[What to do]
Retype only the lines from the top of the records to the line with "Paso de la montaña", including that line but none of the pictures.
(Source information)
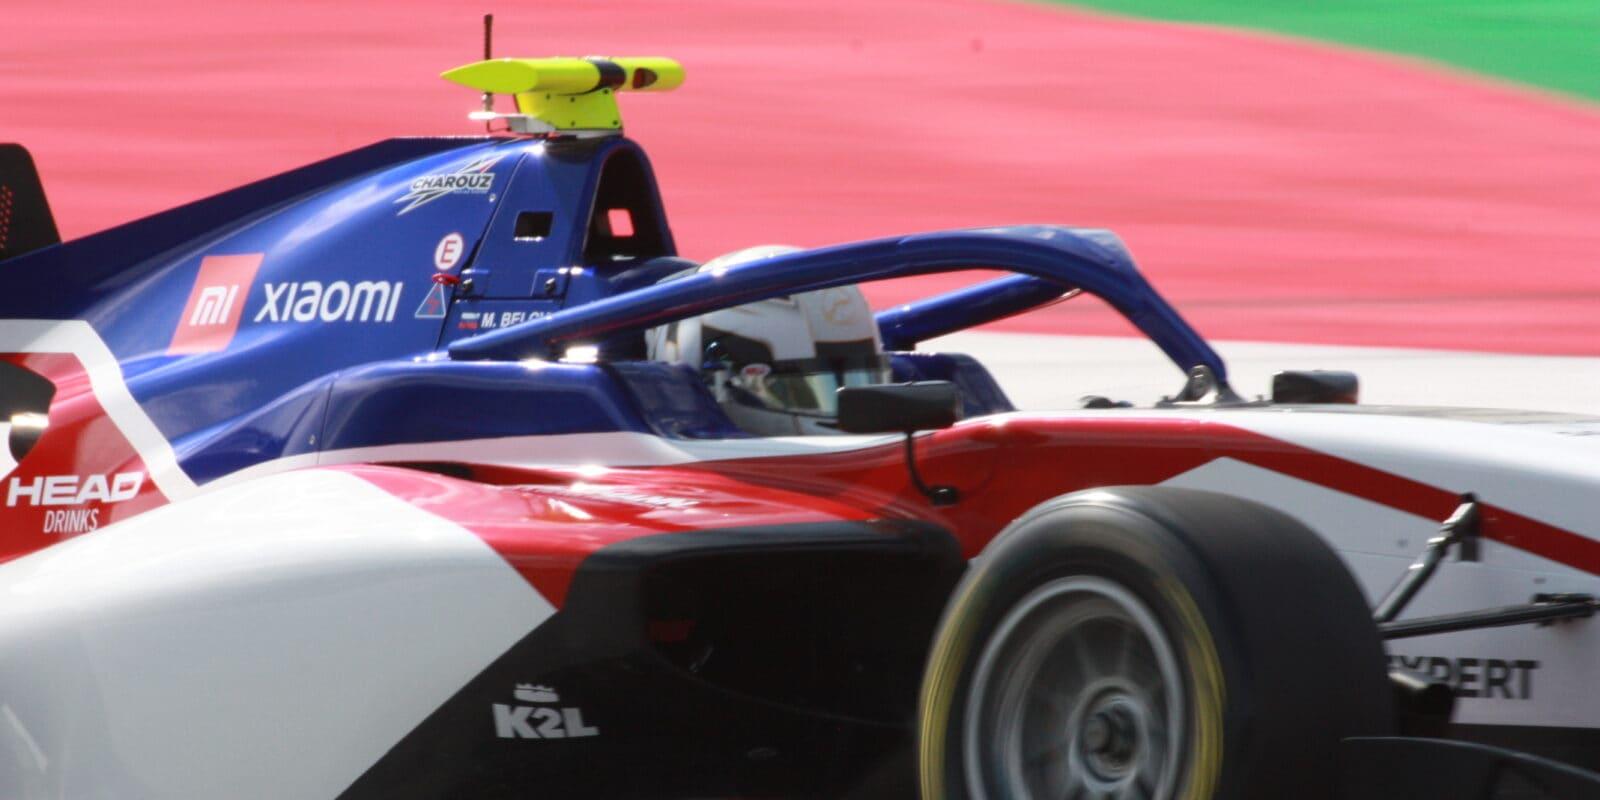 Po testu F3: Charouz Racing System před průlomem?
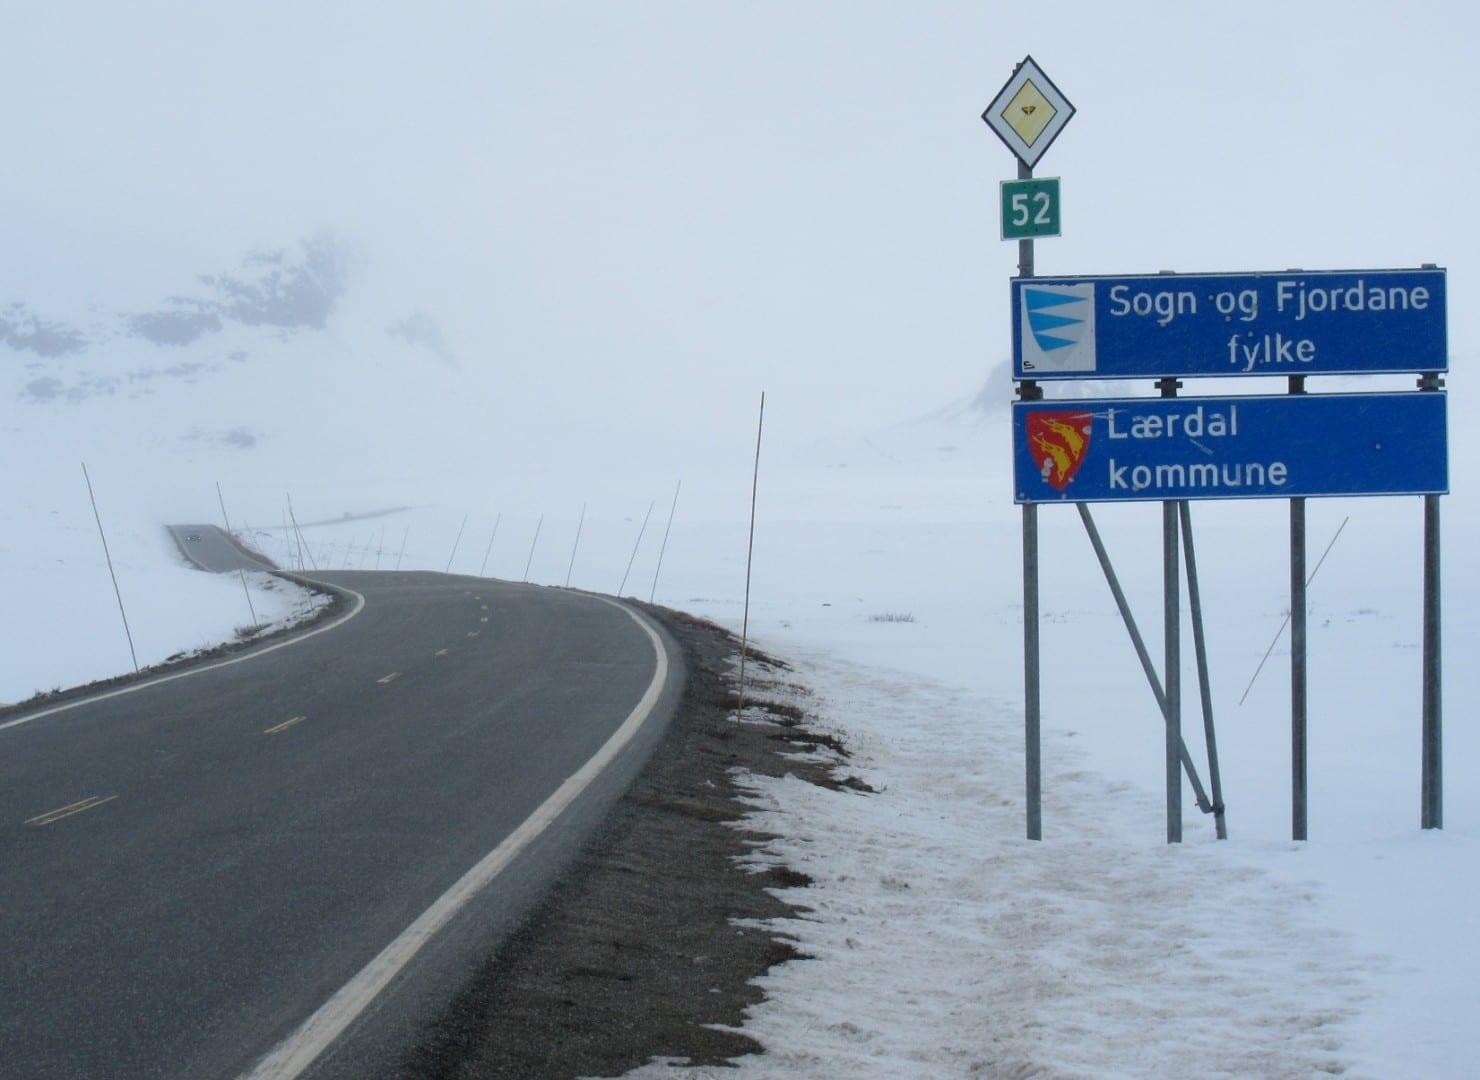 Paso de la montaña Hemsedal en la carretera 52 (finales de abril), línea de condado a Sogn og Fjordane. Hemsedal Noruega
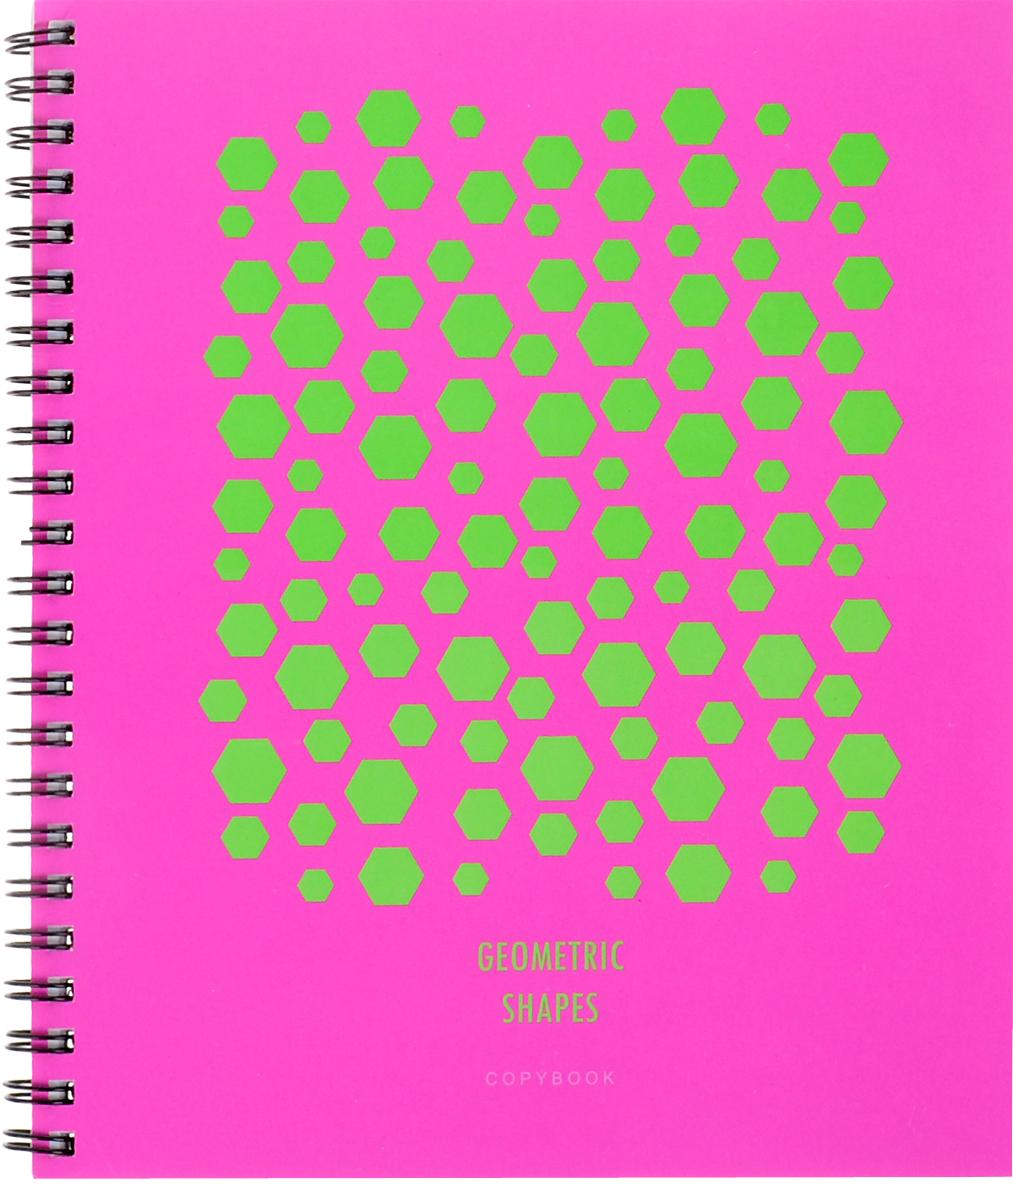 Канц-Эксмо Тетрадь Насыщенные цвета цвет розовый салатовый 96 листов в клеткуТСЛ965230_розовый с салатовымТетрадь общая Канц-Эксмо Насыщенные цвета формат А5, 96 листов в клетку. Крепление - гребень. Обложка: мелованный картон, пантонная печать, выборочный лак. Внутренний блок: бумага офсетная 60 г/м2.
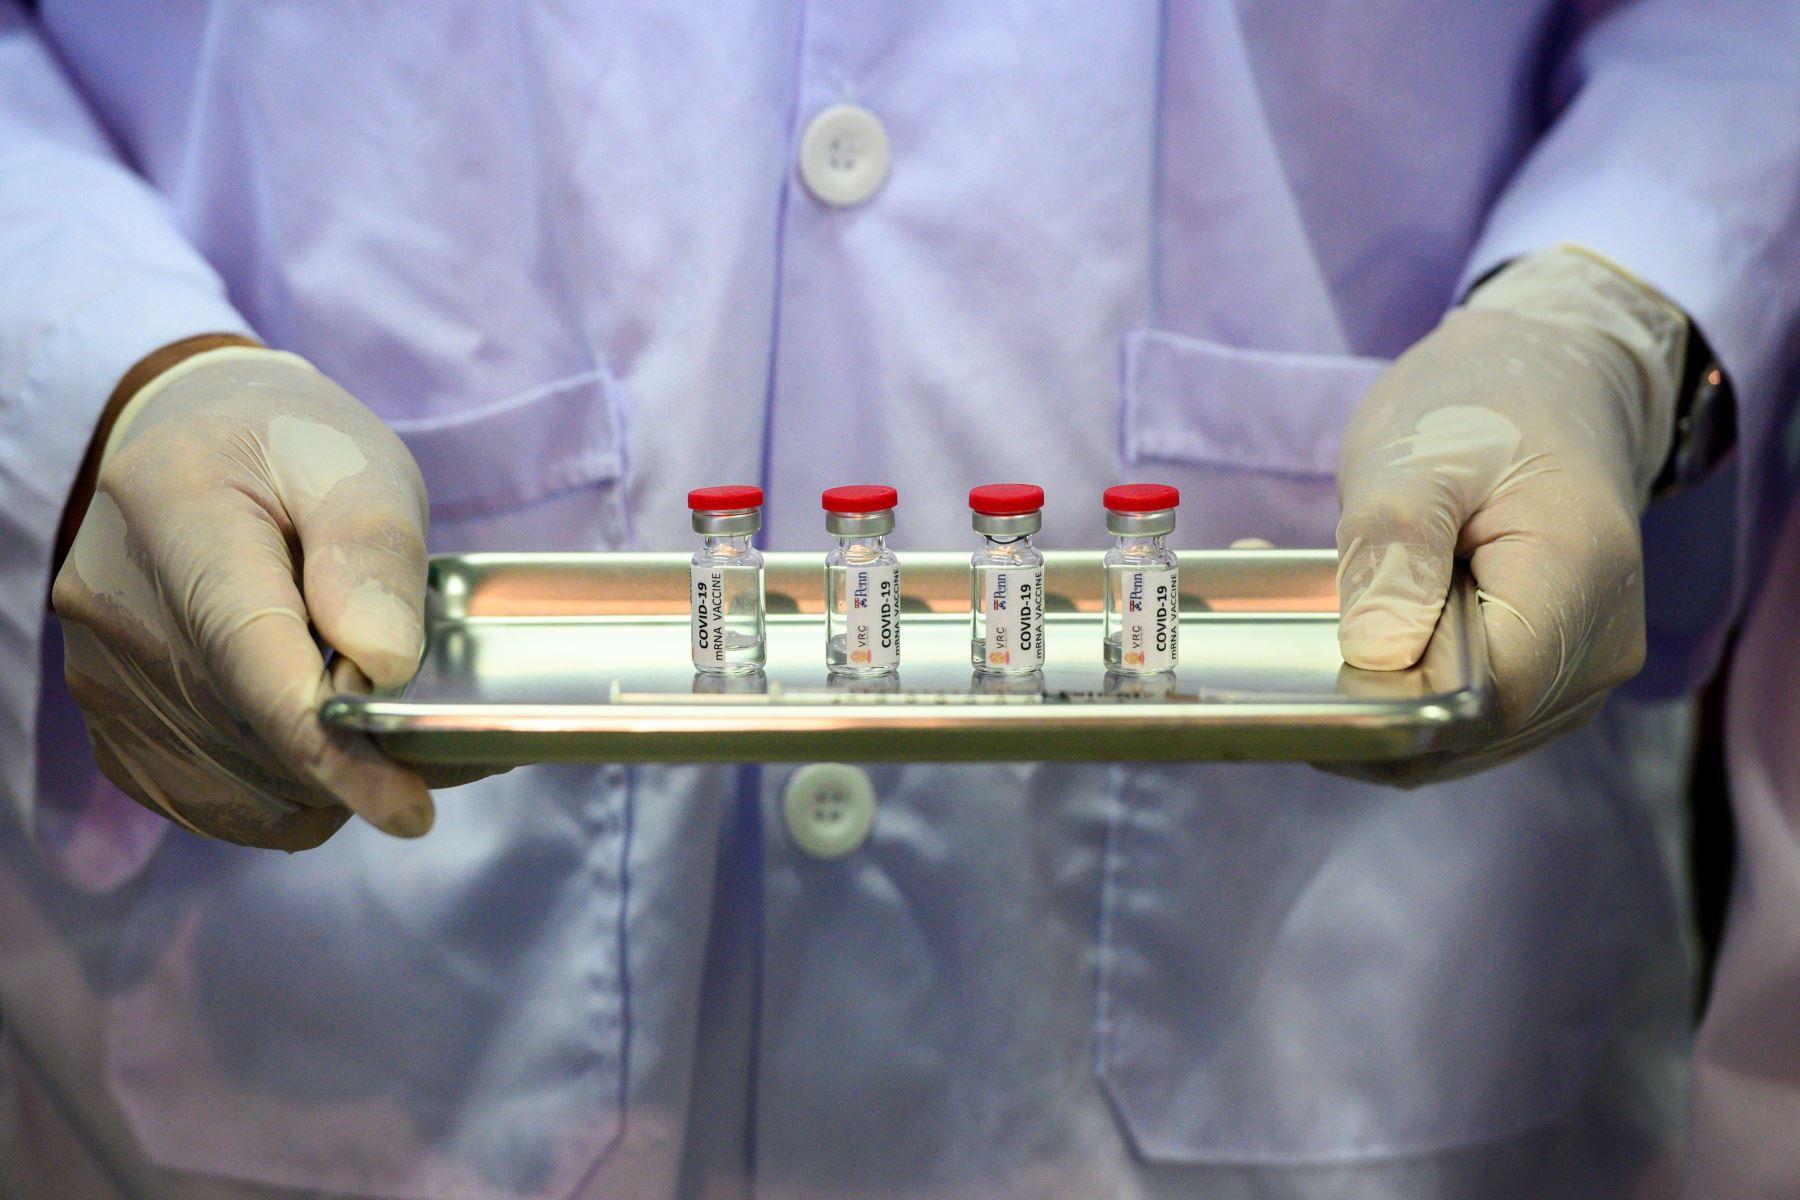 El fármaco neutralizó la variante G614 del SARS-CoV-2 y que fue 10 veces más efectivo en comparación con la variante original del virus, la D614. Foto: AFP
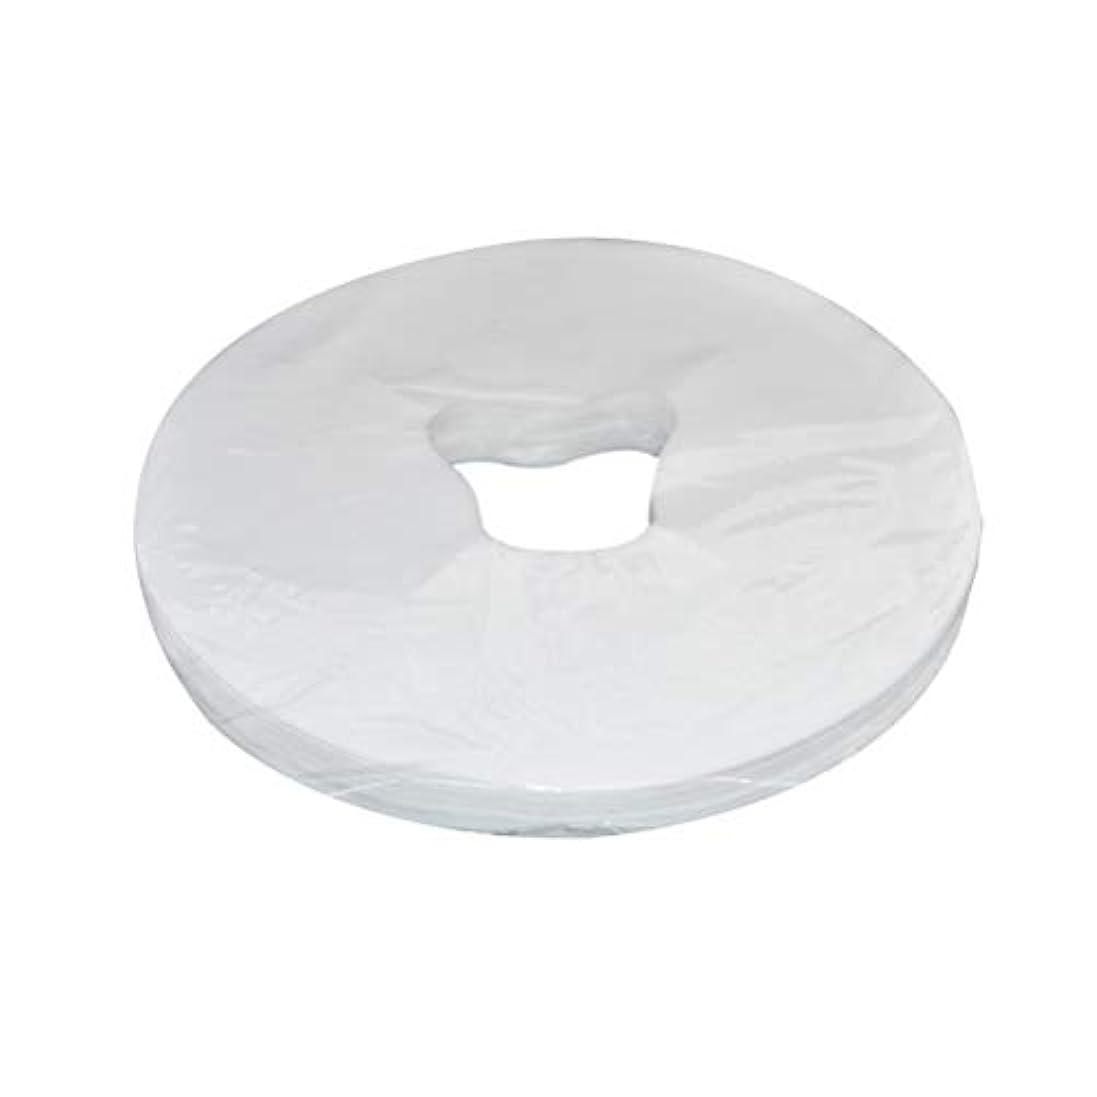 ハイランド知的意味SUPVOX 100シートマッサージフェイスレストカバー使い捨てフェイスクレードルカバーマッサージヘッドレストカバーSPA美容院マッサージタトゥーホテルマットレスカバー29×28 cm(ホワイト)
(End Source information)
[Written answer]
 Po testu F3: Charouz Racing System před průlomem?
 Paso de la montaña Hemsedal en la carretera 52 (finales de abril), línea de condado a Sogn og Fjordane. Hemsedal Noruega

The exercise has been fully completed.